0117 GMT November 21, 2019
Researchers led by Sarah Feakins, from the University of Southern California, Los Angeles, drilled down over two miles from the surface of the ocean, retrieving sediments from half a mile beneath the sea floor. By analyzing the core sample, the team was able to look at how trees were swept into the ocean millions of years ago before getting trapped in the ground, newsweek.com reported.
By looking at the wood chips in the core, the team was able to determine where the trees had come from. In most cases, they found the wood was from trees that grew in lowlands, near the ocean. However, one layer was found to have wood from trees that would have grown high in the Himalayan Mountains, about two miles above sea level.
In their study, published in PNAS, the team argued that trees within an ancient forest were uprooted by a huge release of water — potentially by a natural dam created by a glacier or a landslide. These trees would have then been transported for thousands of miles along a huge surge of water — from cyclones, monsoons or floods, the scientists suggest — before being released in the Bengal Fan.
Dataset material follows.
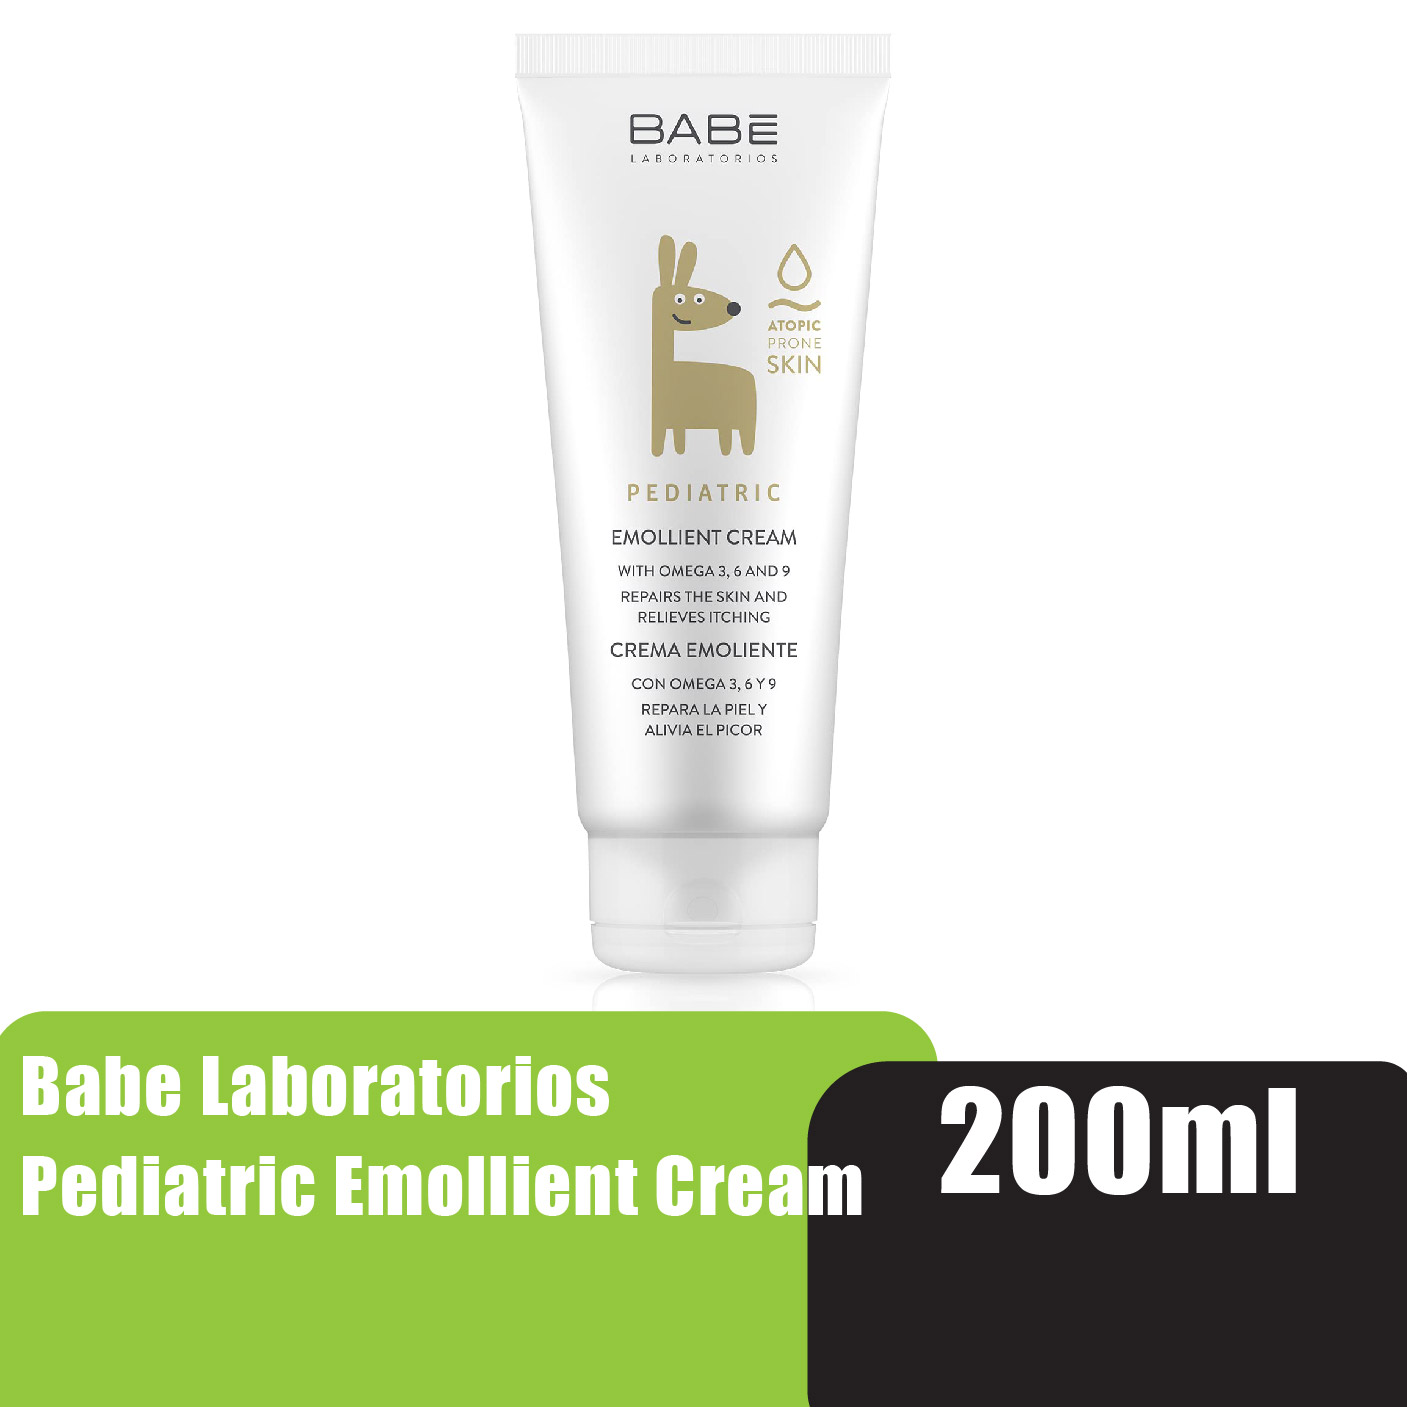 BABE LABORATORIOS Pediatric Emollient Cream 200ml with Omega 3, 6 & 9 - Itching Cream & Repair Skin (for Baby & Kids)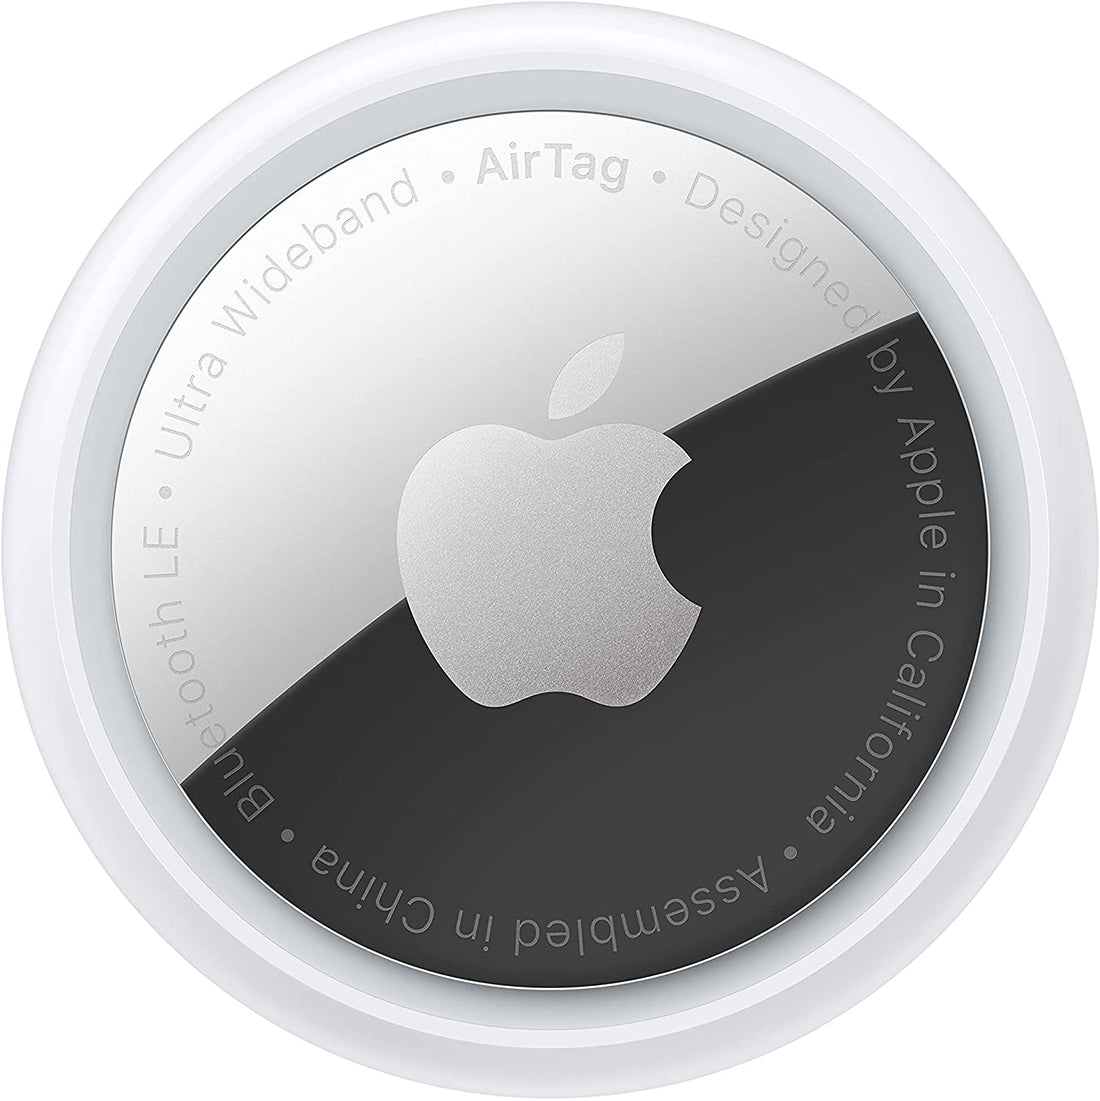 Apple AirTag Tracker 1-Pack, MX532AM/A - White (New)

The team say this is the first evidence showing trees can be transported for thousands of miles, from mountains to the deep ocean. Their findings also shed light on the role of wood in Earth's carbon cycle — the way carbon travels from the atmosphere into the planet and its organisms, and back out again.
Carbon stored in plants is released when it is eaten, decays or is burned. Because the trees were transported shortly after being uprooted — the point of death — they did not decompose. Instead, the fresh wood was locked into the seafloor sediment — potentially representing a previously unrecognized means by which carbon can be stored for millions of years.
"The discovery of woody fragments in the coarse-grain layers of turbidite beds across 19 [million years] indicates that woody input may be a neglected contributor to the [organic carbon] cycle in the Bengal Fan and in other continental margins over geologic timescales," the researchers wrote, adding that the findings suggest the organic carbon locked in continental margins may be higher than once thought.
"The rapid export and burial of wood represents a highly efficient pathway of atmospheric CO2 sequestration," they said.
Understanding how much carbon may be locked away as a result of forests being washed into the ocean is important in understanding future climate change, Fearkins said. "As we've tried to calculate the amount of carbon in all parts of the carbon cycle, we didn't know about this forest of fragmented trees buried in the ocean floor," she said in a statement. "Now we need to add it to the equation."
Scientists are currently working to understand the carbon cycle, with researchers in the US launching the Deep Carbon Observatory (DCO) over a decade ago. A report recently released by the group showed that less than one percent of Earth's total carbon is above surface — in the oceans, on land and in the atmosphere. The rest is all locked away in the planet's crust, mantle and core.